▸ PROBLEM TO SOLVE:
Reproduce from the records below, with no pictures, exactly the lines between the one containing "Deepeeka correa del anillo 190 cm, rojo" and the one containing "Communiqué Fleury Loiret", inclusive.
── ENTRIES SUPPLIED ──
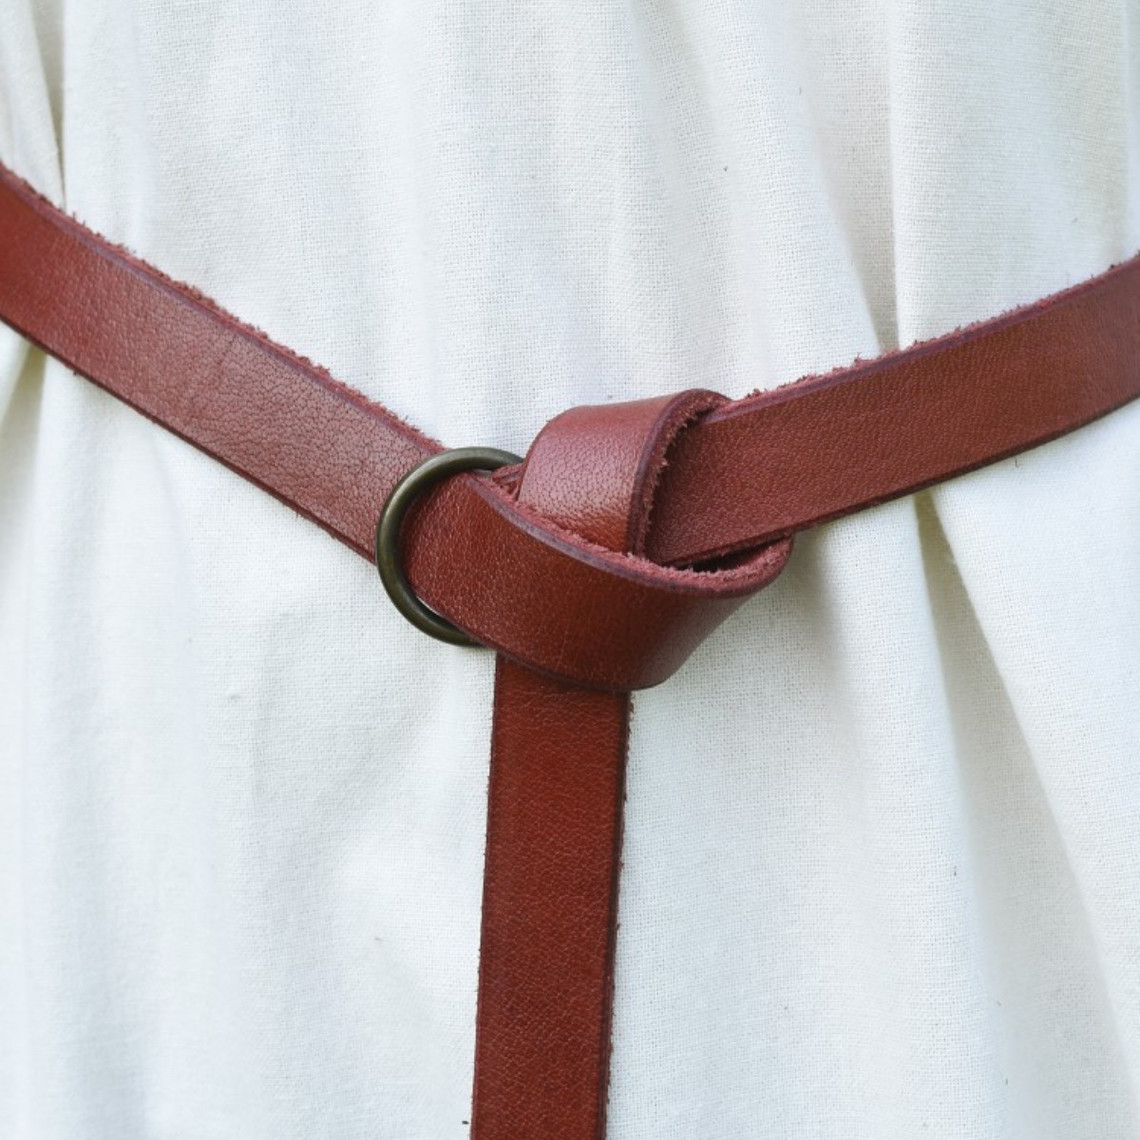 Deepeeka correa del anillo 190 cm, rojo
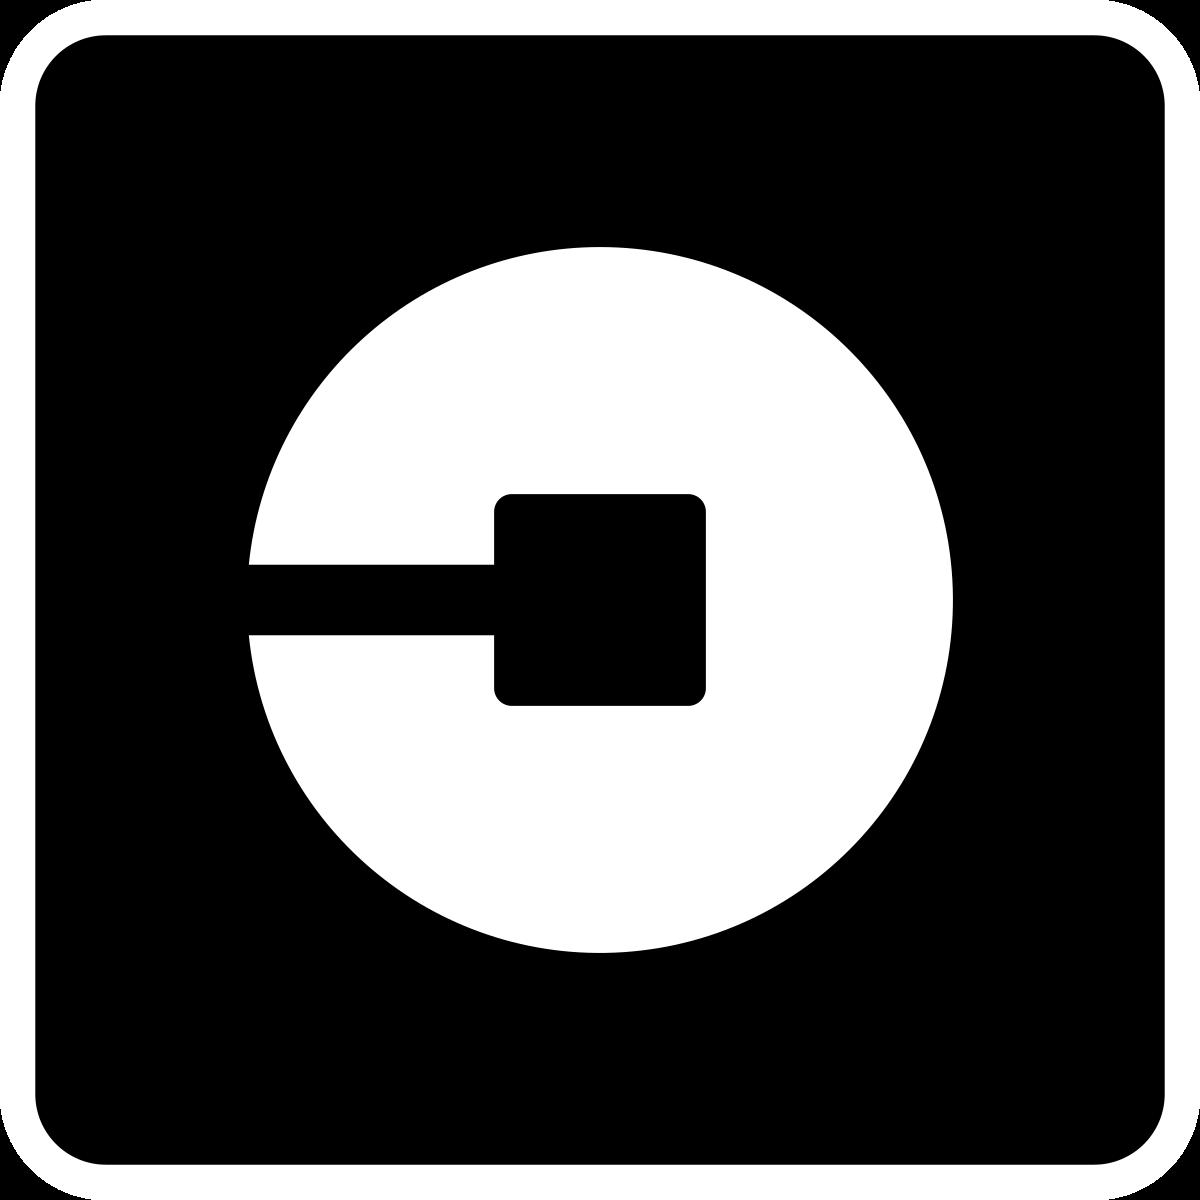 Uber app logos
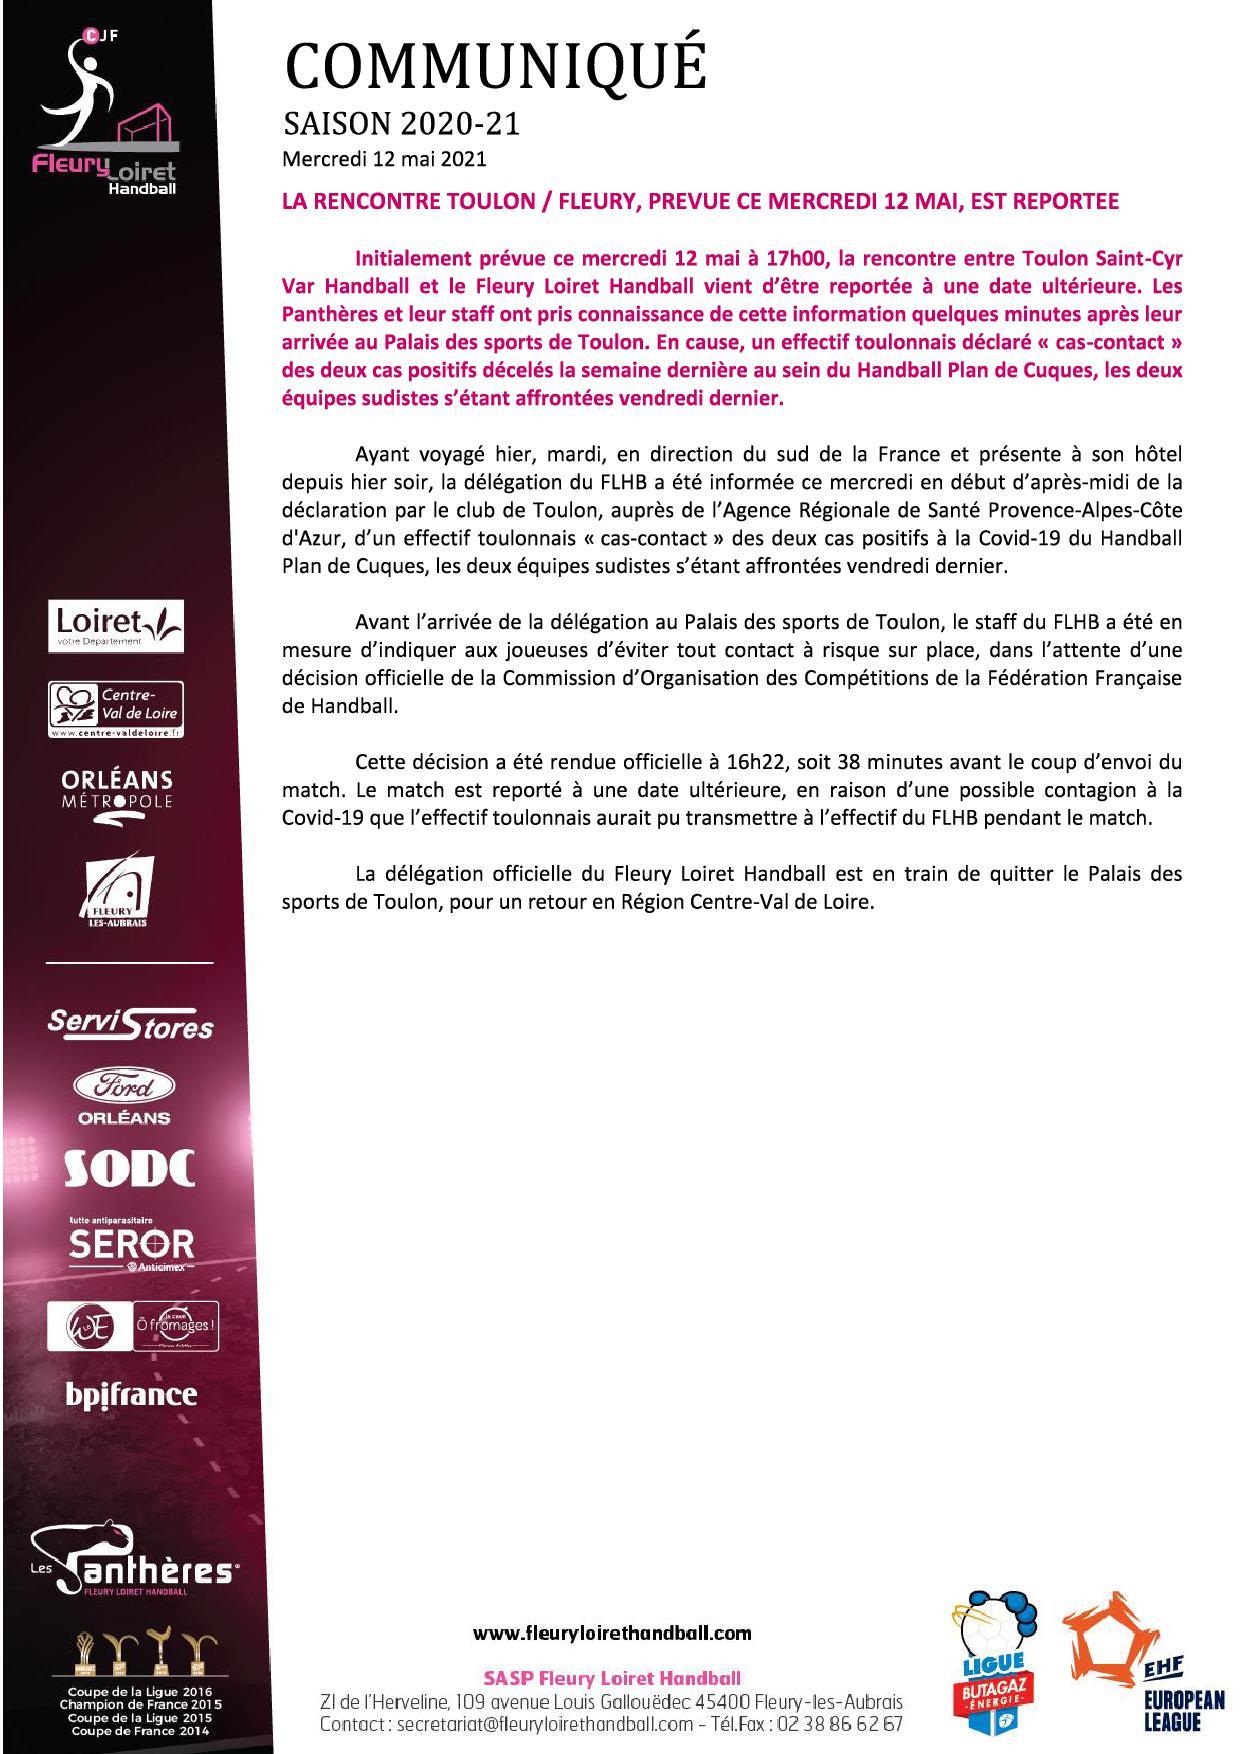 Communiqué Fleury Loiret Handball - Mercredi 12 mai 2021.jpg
───
── ENTRIES SUPPLIED ──
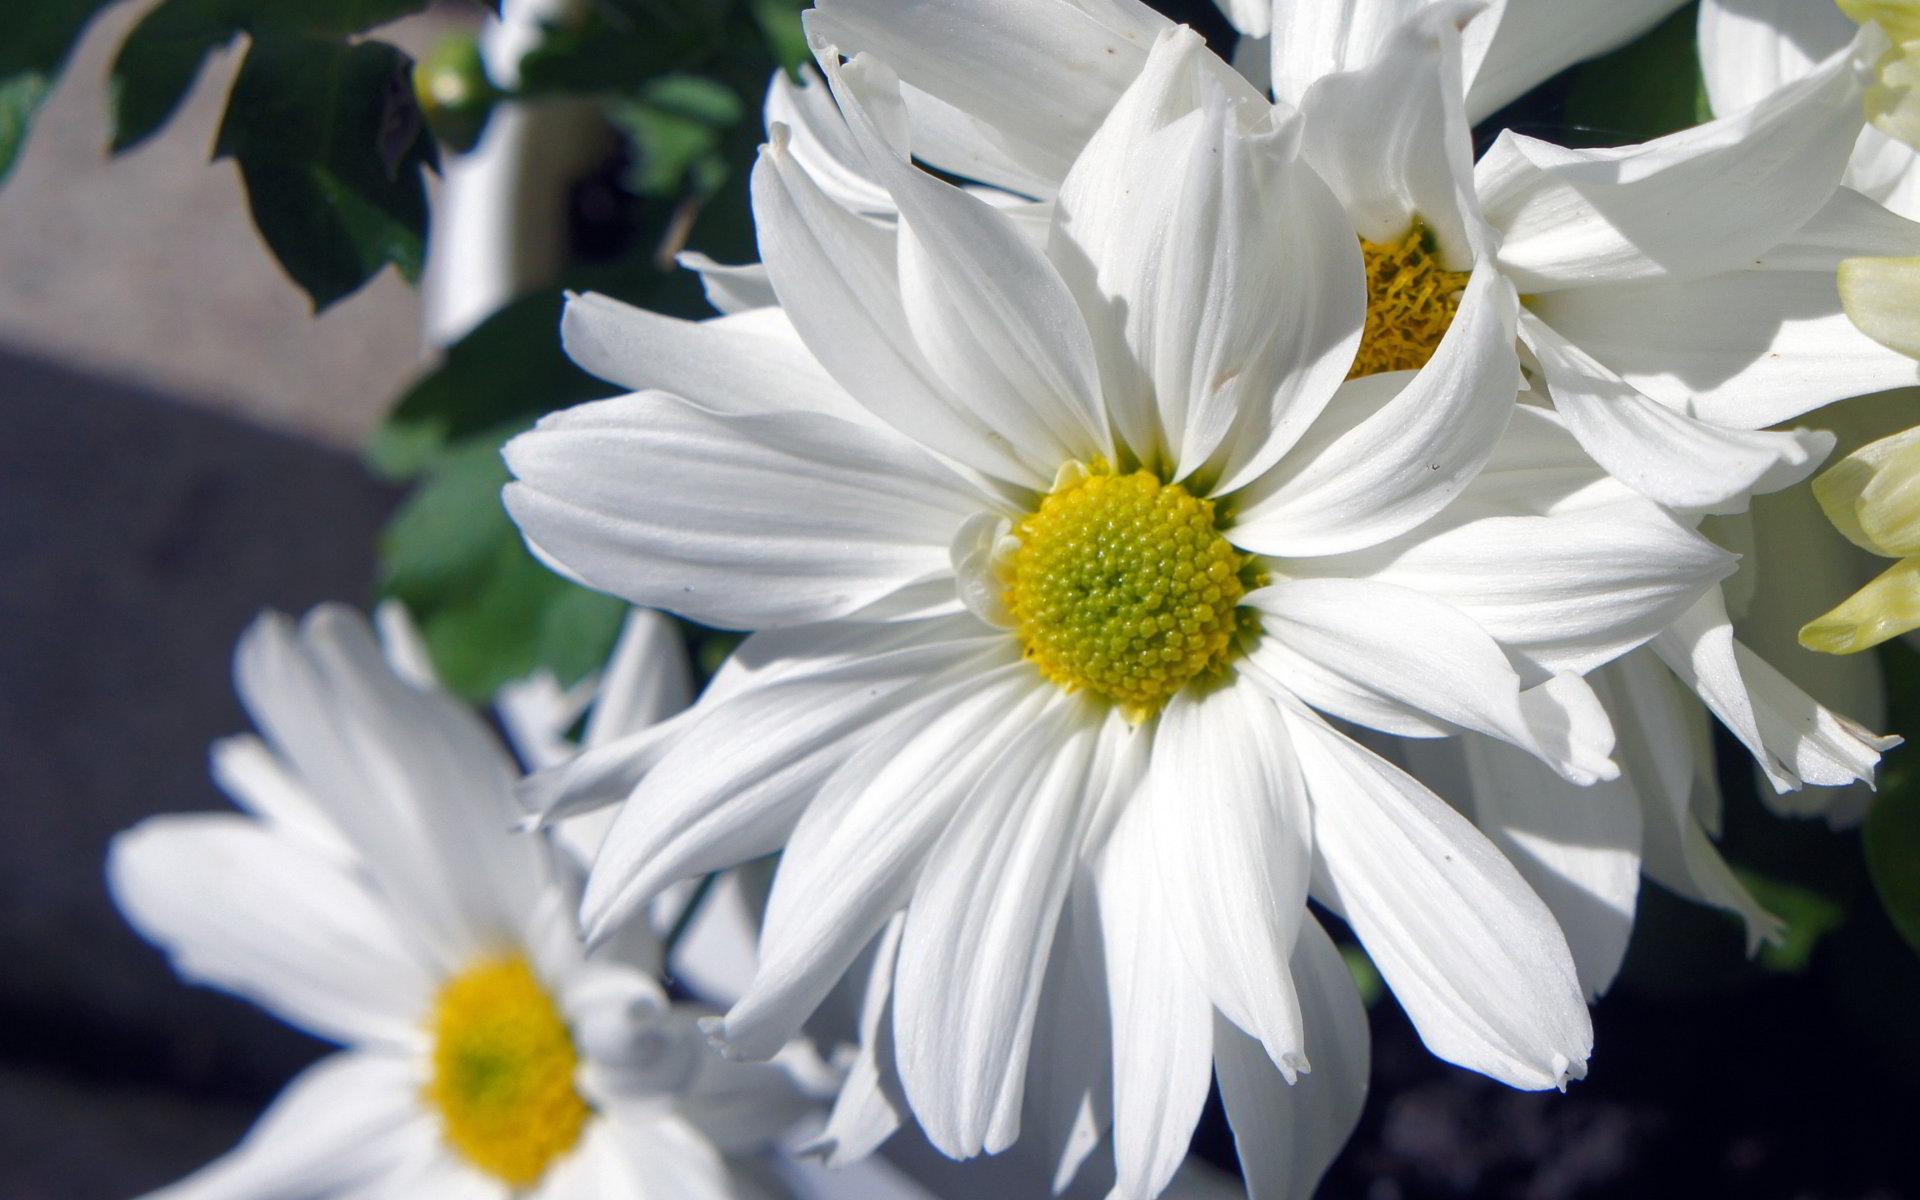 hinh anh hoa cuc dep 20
───
── ENTRIES SUPPLIED ──
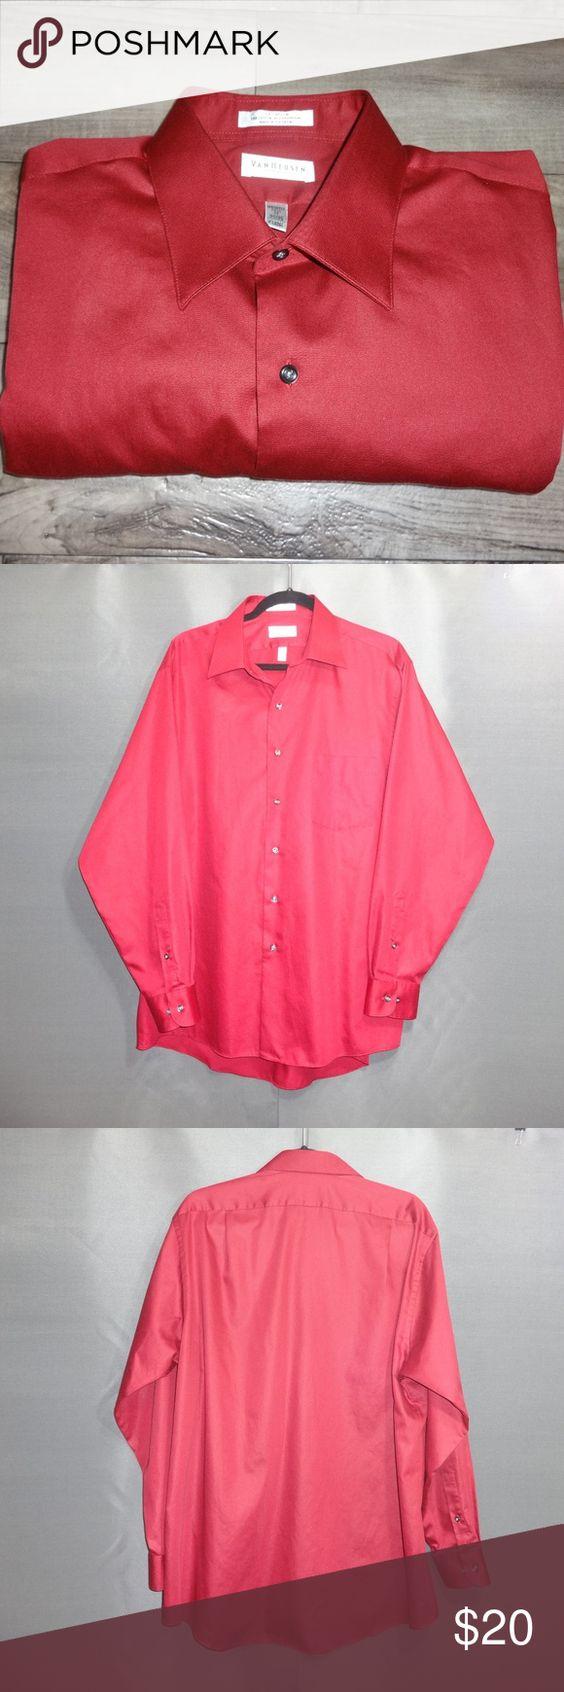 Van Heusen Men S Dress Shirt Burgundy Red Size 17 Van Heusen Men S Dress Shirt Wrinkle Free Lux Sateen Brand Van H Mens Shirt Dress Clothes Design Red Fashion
───
▸ PROBLEM SOLUTION:
 Deepeeka correa del anillo 190 cm, rojo
 Uber app logos
 Communiqué Fleury Loiret Handball - Mercredi 12 mai 2021.jpg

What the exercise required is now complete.